Guest Piece by Dr Fiona Dukelow, University College Cork: In Transit? Documenting the lived experiences of welfare, working and caring for one parent families claiming Jobseeker's Transitional Payment

At the end of May, One Family launched In Transit?, a report based on research on lone parent experiences of Job Seeker’s Transitional Payment (JST).  The research was carried out in partnership with University College Cork and Trinity College Dublin and funded by the Irish Research Council’s New Foundations programme for collaborative projects between researchers and civil society groups.

 

The research is the first in-depth look at how lone parents have experienced a major change to how they are supported by the social protection system and it aimed to explore how the payment is ‘working on the ground’. Introduced between 2013 and 2015, JST effectively ended unconditional support of lone-parent families once the youngest child reaches 7 years of age.  At that point lone parents transition from One-Parent Family Payment (OFP) to JST until their youngest child reaches 14 years of age.  Engagement with activation services is required as a condition of the payment.
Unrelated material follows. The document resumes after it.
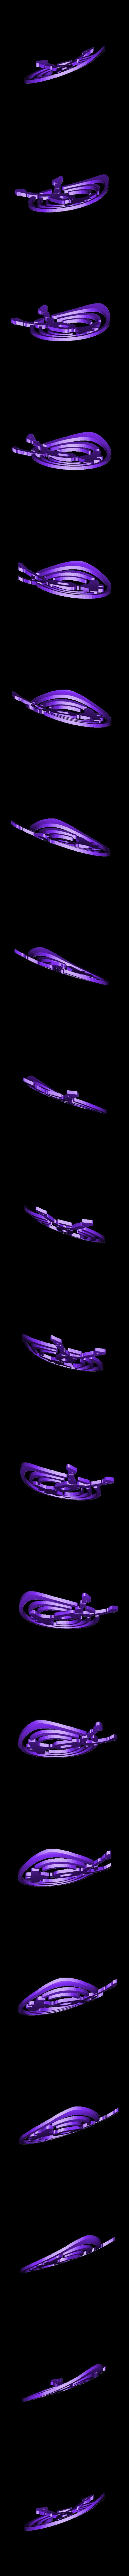 pathfinder_engrave_2.stl Download free STL file Xbox One S Custom Controller Shell: Apex Legend Pathfinder Edition • Design to 3D print, mmjames

JST is designed to prepare lone parents for transition into the workforce as the best means of addressing the very high incidence of poverty across all metrics in one-parent households.

 

The research tested the aims and operation of the payment against lone parents’ experiences of claiming the payment. Key issues that arose for the parents interviewed included the lack of information received about the payment.  Many interviewees reported a loss of income with the move to the new payment.  In the case of lone parents already working part-time, this is triggered by the fact that Working Family Payment (WFP) is an allowance that lone parents claiming OFP are entitled to but JST recipients are not. Another concerning issue involving loss of income affected recipients who were self-employed. This is caused by the lack of an income disregard for income derived from self-employment.  Experiences of activation services were also problematic; participants spoke of being ‘bombarded’ with generic information of little use to them and a lack of support for the types of training, education or work opportunities they wanted to pursue. A particularly concerning issue that many participants spoke about is the experience, in their words, of being ‘cut off’.  This reflects the practice of stopping or diverting a payment to another post-office.  This has been raised in previous National Economic and Social Council Research (2018) research as a means of engaging with a claimant rather than imposing a sanction. However, our research revealed the distressing effect such practices have on JST recipients. Despite the problems experienced with JST, it was also valued by lone parents as means of balancing part-time working and caring while their children were still relatively young. In this respect many felt the cut-off age of 14 was too young and favoured a longer period of being able to balance work and care. 

 

These research insights form the basis for several recommendations which would make JST a more effective tool to support parents into education and employment, and ultimately reduce the high levels of poverty in one-parent families.  As well as extending the child qualifying age until the lone-parent family’s youngest child leaves second-level education, other recommendations include more training of case workers informed by the lived reality of lone parents; tailored supports which would more effectively assist lone parents with making the transition to sustainable and well-paid work; the provision of childcare that is age-appropriate care for older children; and an end to the practice of diverting payments along with a policy of documenting the number and types of communication attempts made with a recipient for transparency and consistency.  Allowing recipients to claim WFP if working part-time and having an equivalent income disregard for self-employed income would also address the loss of income recipients already working experience when moving to the payment from OFP.